• What you have to do
Your job is to write out each record precisely as it stands.

• Data for analysis
------------------------------------------------------------------------

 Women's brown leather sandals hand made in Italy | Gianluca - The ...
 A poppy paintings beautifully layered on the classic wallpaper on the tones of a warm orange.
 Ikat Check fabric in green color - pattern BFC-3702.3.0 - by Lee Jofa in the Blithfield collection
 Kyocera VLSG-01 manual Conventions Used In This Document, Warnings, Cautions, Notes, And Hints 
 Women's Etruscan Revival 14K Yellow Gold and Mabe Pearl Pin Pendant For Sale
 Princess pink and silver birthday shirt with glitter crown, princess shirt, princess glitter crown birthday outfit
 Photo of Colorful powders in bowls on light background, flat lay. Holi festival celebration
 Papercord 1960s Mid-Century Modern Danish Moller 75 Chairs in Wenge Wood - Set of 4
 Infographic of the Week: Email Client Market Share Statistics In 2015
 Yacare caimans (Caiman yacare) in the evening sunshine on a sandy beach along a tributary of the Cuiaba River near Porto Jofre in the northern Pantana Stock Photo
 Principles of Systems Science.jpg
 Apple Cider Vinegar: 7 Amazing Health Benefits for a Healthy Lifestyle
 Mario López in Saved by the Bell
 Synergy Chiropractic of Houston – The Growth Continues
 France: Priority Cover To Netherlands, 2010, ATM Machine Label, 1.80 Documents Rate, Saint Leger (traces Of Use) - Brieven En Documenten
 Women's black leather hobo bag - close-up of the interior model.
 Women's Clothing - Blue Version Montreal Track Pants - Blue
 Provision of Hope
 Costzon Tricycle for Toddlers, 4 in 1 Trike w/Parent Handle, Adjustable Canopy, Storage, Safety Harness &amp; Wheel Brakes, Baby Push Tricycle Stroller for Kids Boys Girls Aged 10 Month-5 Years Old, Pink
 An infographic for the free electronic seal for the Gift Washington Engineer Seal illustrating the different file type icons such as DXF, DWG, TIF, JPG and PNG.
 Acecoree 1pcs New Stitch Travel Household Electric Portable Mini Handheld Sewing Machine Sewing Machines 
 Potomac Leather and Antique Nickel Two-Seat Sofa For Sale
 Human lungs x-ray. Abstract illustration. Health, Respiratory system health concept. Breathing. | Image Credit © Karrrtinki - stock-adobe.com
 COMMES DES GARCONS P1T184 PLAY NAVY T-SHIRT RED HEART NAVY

------------------------------------------------------------------------

• Response to the exercise
 Women's brown leather sandals hand made in Italy | Gianluca - The ...
 A poppy paintings beautifully layered on the classic wallpaper on the tones of a warm orange.
 Ikat Check fabric in green color - pattern BFC-3702.3.0 - by Lee Jofa in the Blithfield collection
 Kyocera VLSG-01 manual Conventions Used In This Document, Warnings, Cautions, Notes, And Hints 
 Women's Etruscan Revival 14K Yellow Gold and Mabe Pearl Pin Pendant For Sale
 Princess pink and silver birthday shirt with glitter crown, princess shirt, princess glitter crown birthday outfit
 Photo of Colorful powders in bowls on light background, flat lay. Holi festival celebration
 Papercord 1960s Mid-Century Modern Danish Moller 75 Chairs in Wenge Wood - Set of 4
 Infographic of the Week: Email Client Market Share Statistics In 2015
 Yacare caimans (Caiman yacare) in the evening sunshine on a sandy beach along a tributary of the Cuiaba River near Porto Jofre in the northern Pantana Stock Photo
 Principles of Systems Science.jpg
 Apple Cider Vinegar: 7 Amazing Health Benefits for a Healthy Lifestyle
 Mario López in Saved by the Bell
 Synergy Chiropractic of Houston – The Growth Continues
 France: Priority Cover To Netherlands, 2010, ATM Machine Label, 1.80 Documents Rate, Saint Leger (traces Of Use) - Brieven En Documenten
 Women's black leather hobo bag - close-up of the interior model.
 Women's Clothing - Blue Version Montreal Track Pants - Blue
 Provision of Hope
 Costzon Tricycle for Toddlers, 4 in 1 Trike w/Parent Handle, Adjustable Canopy, Storage, Safety Harness &amp; Wheel Brakes, Baby Push Tricycle Stroller for Kids Boys Girls Aged 10 Month-5 Years Old, Pink
 An infographic for the free electronic seal for the Gift Washington Engineer Seal illustrating the different file type icons such as DXF, DWG, TIF, JPG and PNG.
 Acecoree 1pcs New Stitch Travel Household Electric Portable Mini Handheld Sewing Machine Sewing Machines 
 Potomac Leather and Antique Nickel Two-Seat Sofa For Sale
 Human lungs x-ray. Abstract illustration. Health, Respiratory system health concept. Breathing. | Image Credit © Karrrtinki - stock-adobe.com
 COMMES DES GARCONS P1T184 PLAY NAVY T-SHIRT RED HEART NAVY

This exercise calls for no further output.